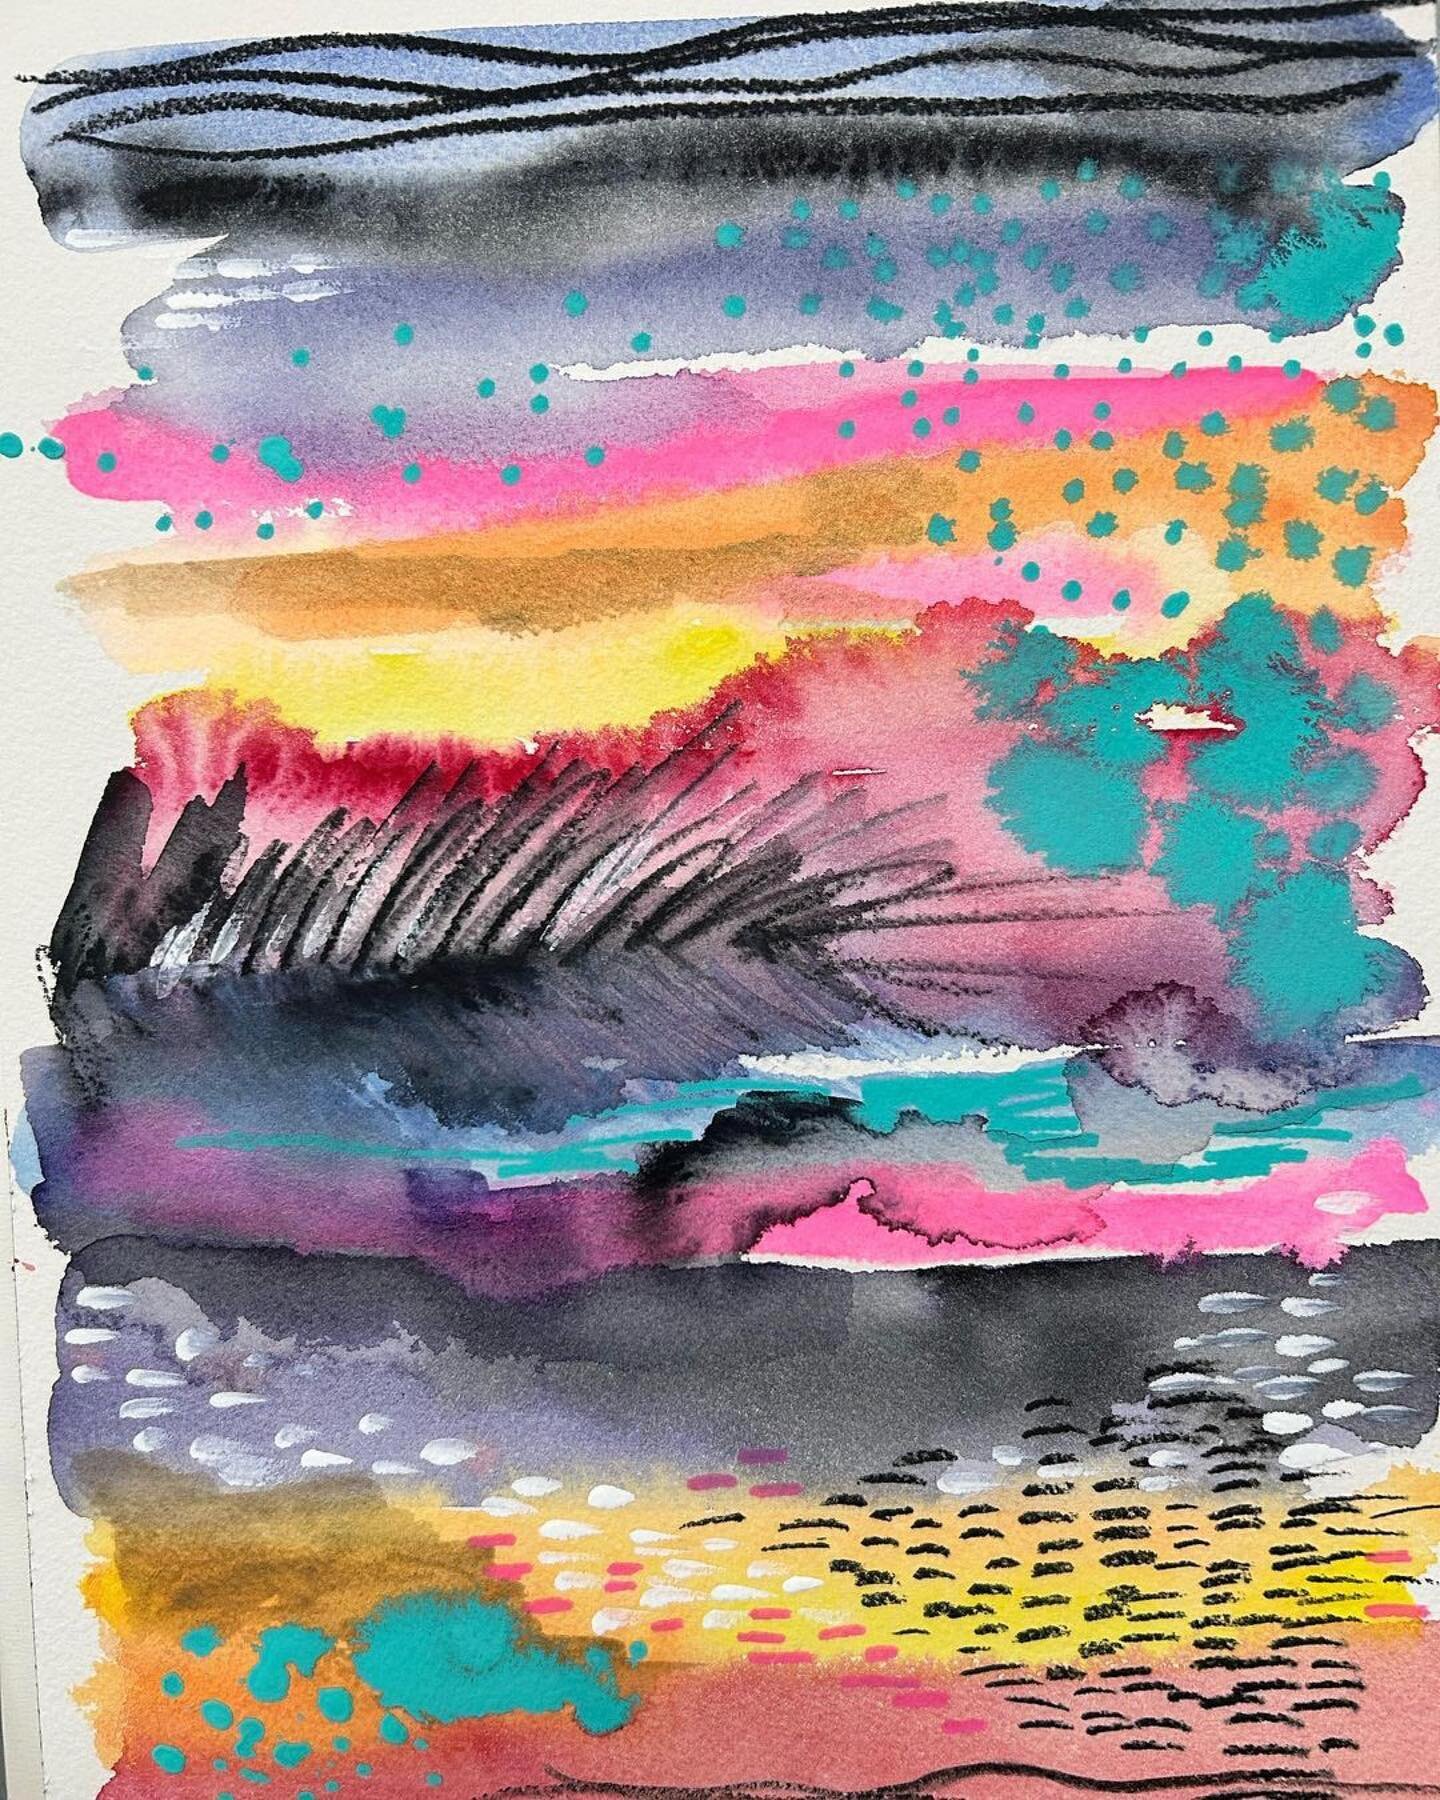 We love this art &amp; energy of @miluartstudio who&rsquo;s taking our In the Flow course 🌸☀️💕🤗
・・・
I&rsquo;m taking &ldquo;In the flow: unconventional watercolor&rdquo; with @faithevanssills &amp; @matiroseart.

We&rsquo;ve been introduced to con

▸ WHAT NEEDS TO BE DONE
The listing must be returned in full and exactly, apart from its pictures.

▸ TASK OUTPUT
 We love this art &amp; energy of @miluartstudio who&rsquo;s taking our In the Flow course 🌸☀️💕🤗
・・・
I&rsquo;m taking &ldquo;In the flow: unconventional watercolor&rdquo; with @faithevanssills &amp; @matiroseart.

We&rsquo;ve been introduced to con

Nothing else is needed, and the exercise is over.